BEGIN RECORDS SHOWN
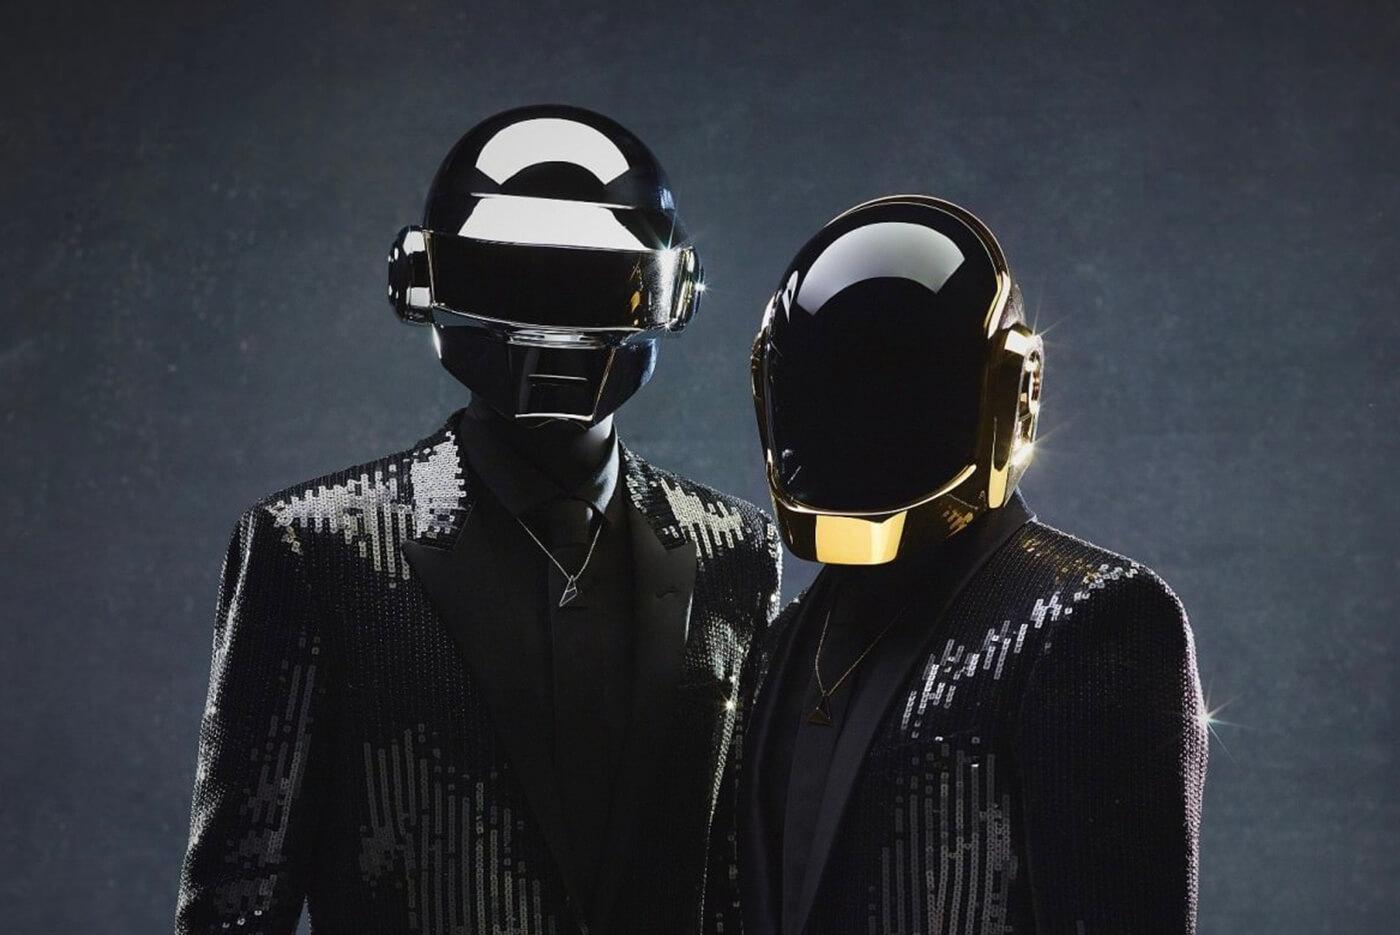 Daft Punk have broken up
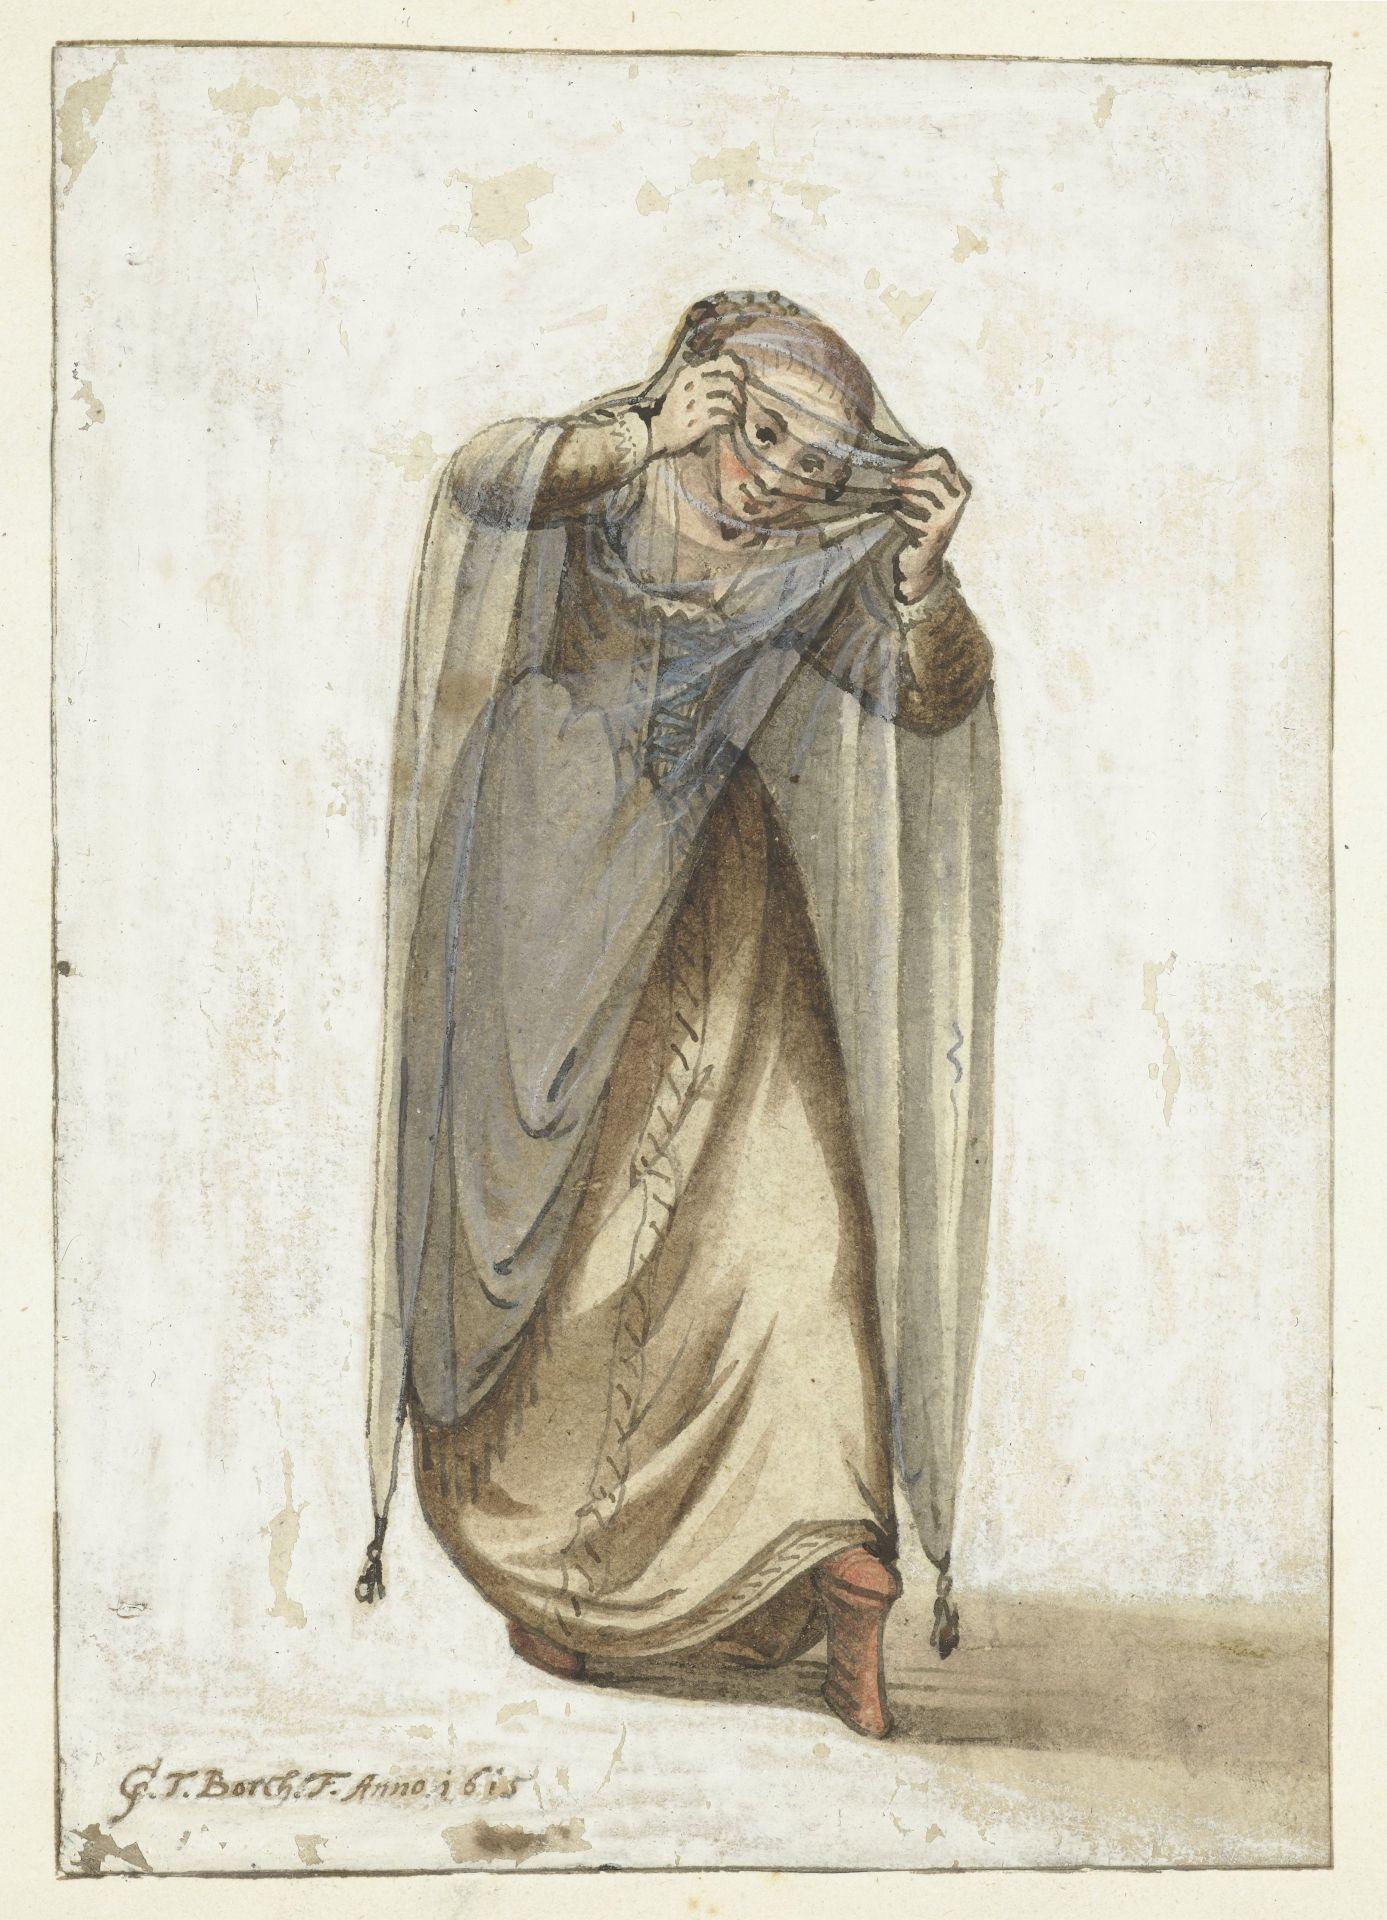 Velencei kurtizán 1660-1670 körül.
END RECORDS SHOWN
BEGIN RECORDS SHOWN
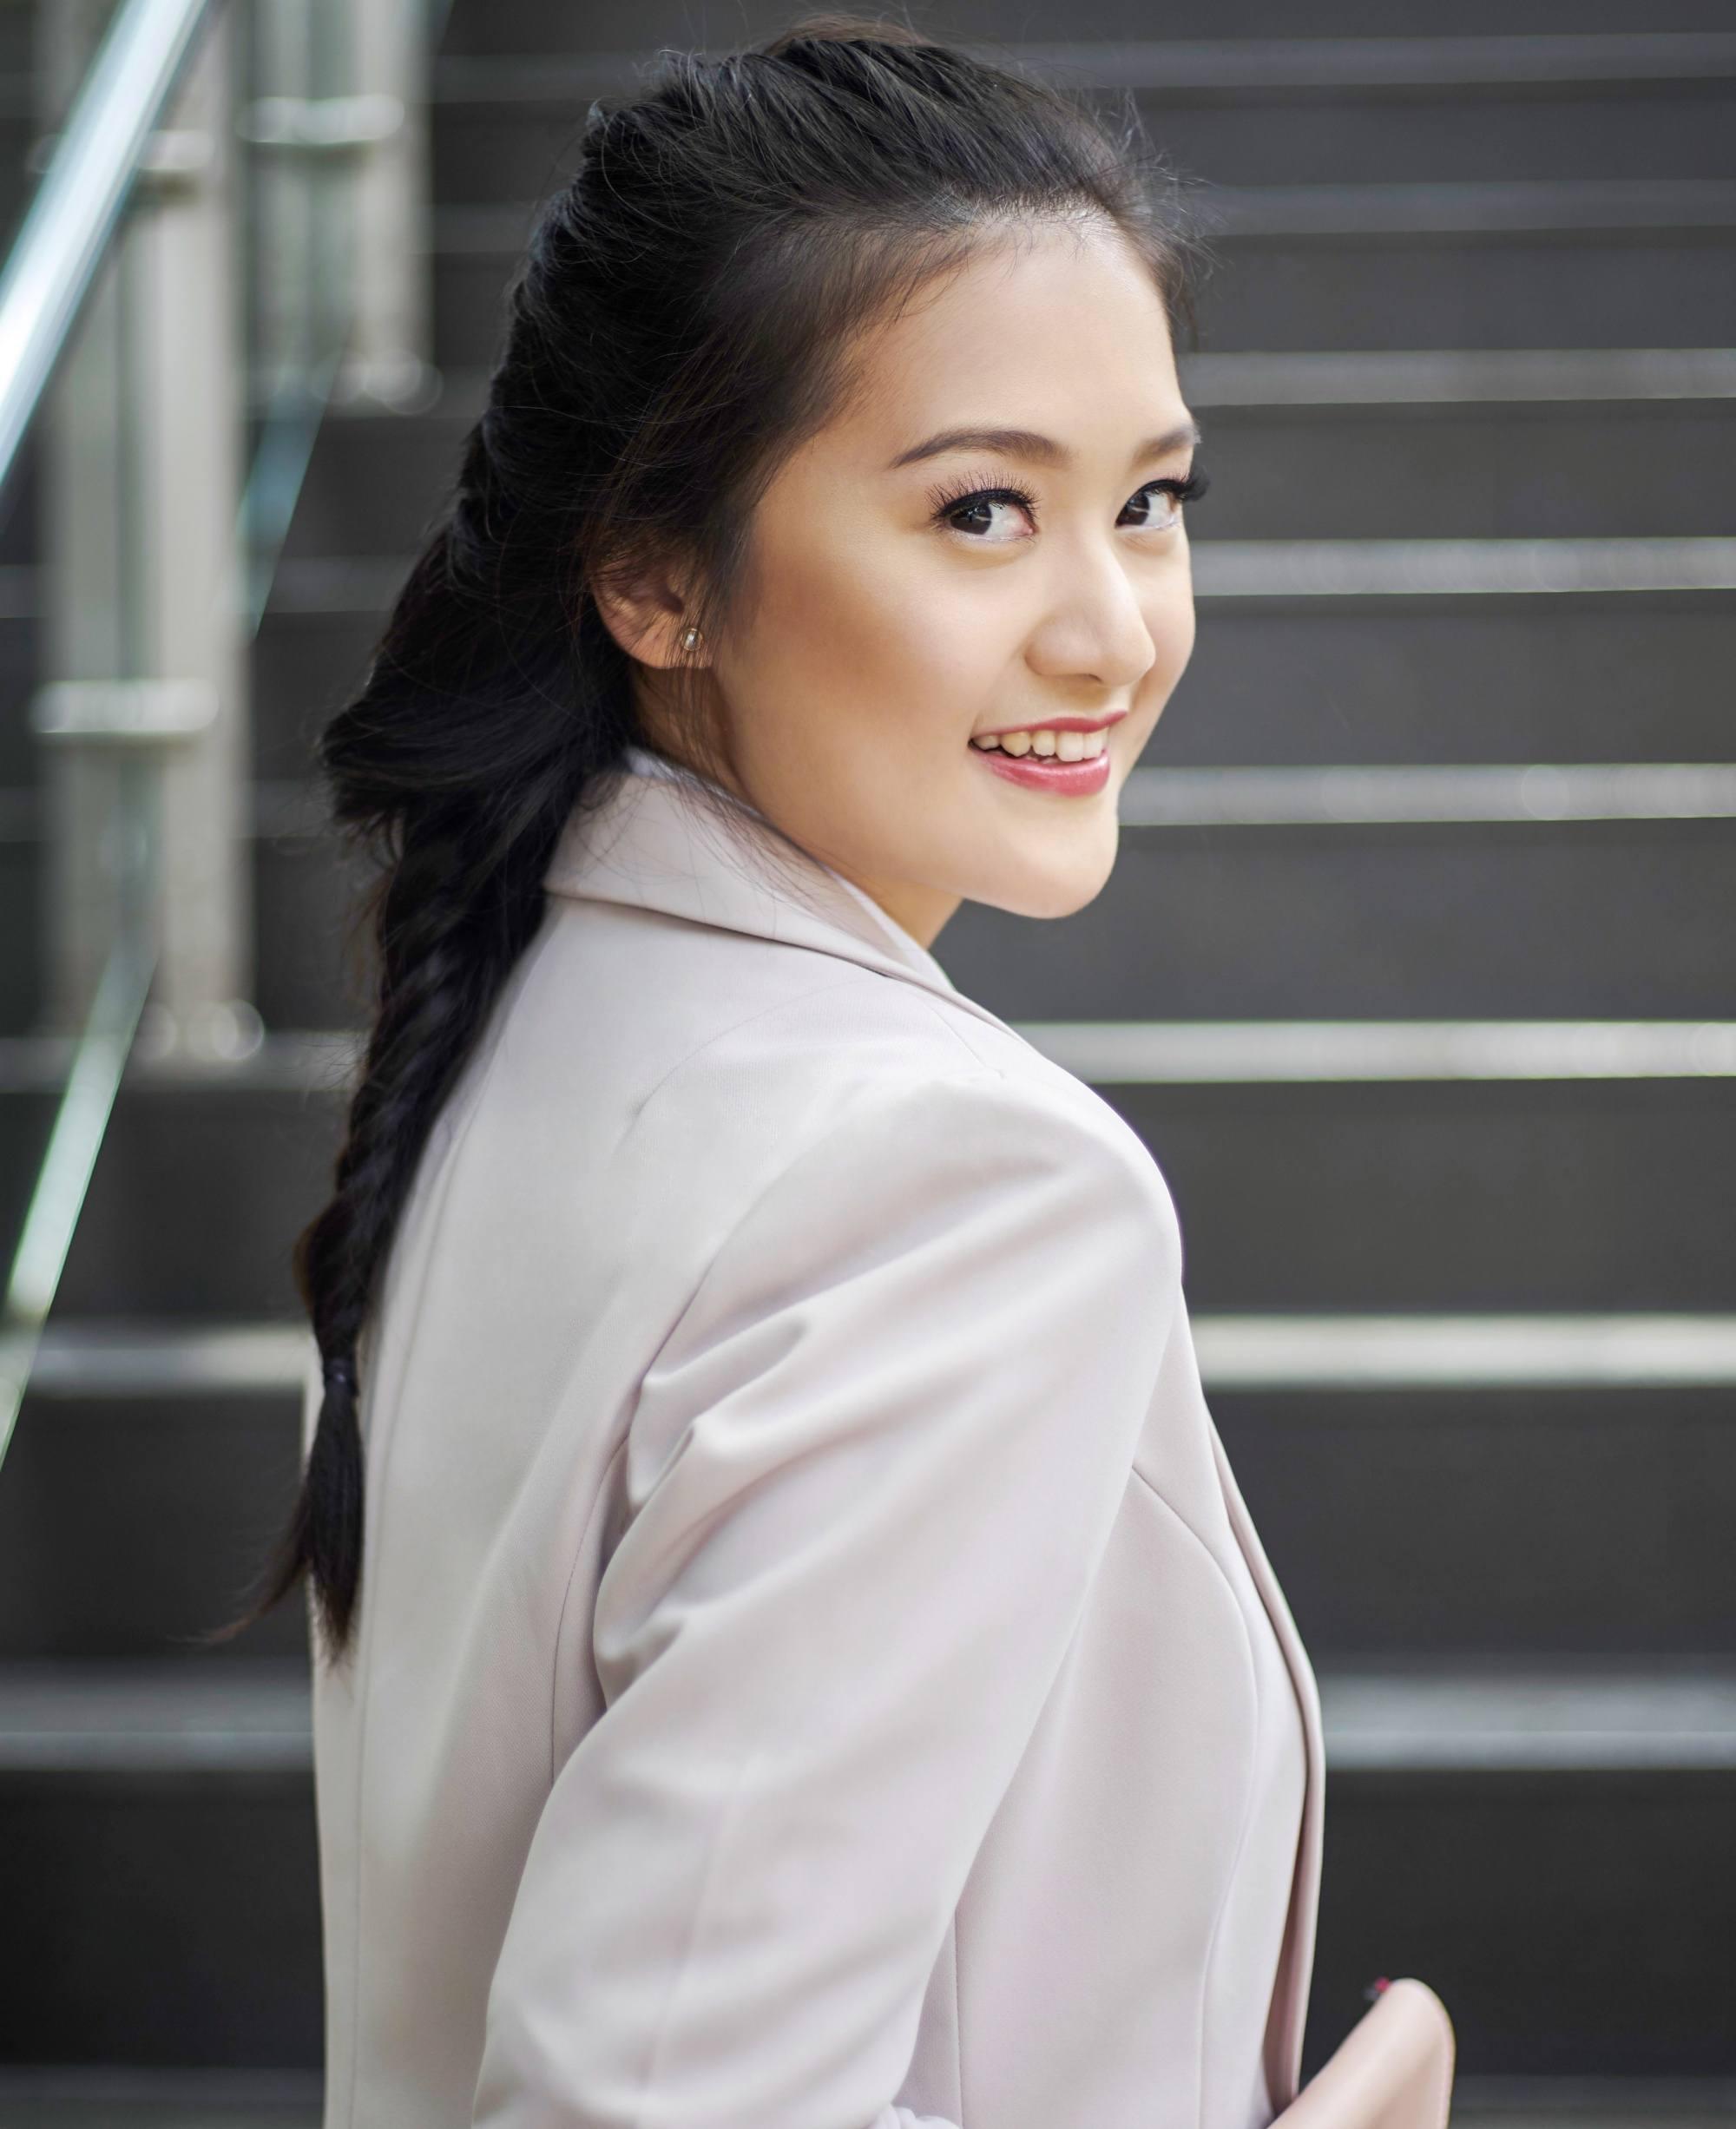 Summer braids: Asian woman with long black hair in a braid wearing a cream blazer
END RECORDS SHOWN
WHAT IS NEEDED >> Look above for the line with "Daft Punk have broken up" and the line with "Velencei kurtizán 1660-1670 körül.", then copy exactly the lines from the first through the second, both kept, with no pictures.

EXERCISE OUTPUT >>
 Daft Punk have broken up
 Velencei kurtizán 1660-1670 körül.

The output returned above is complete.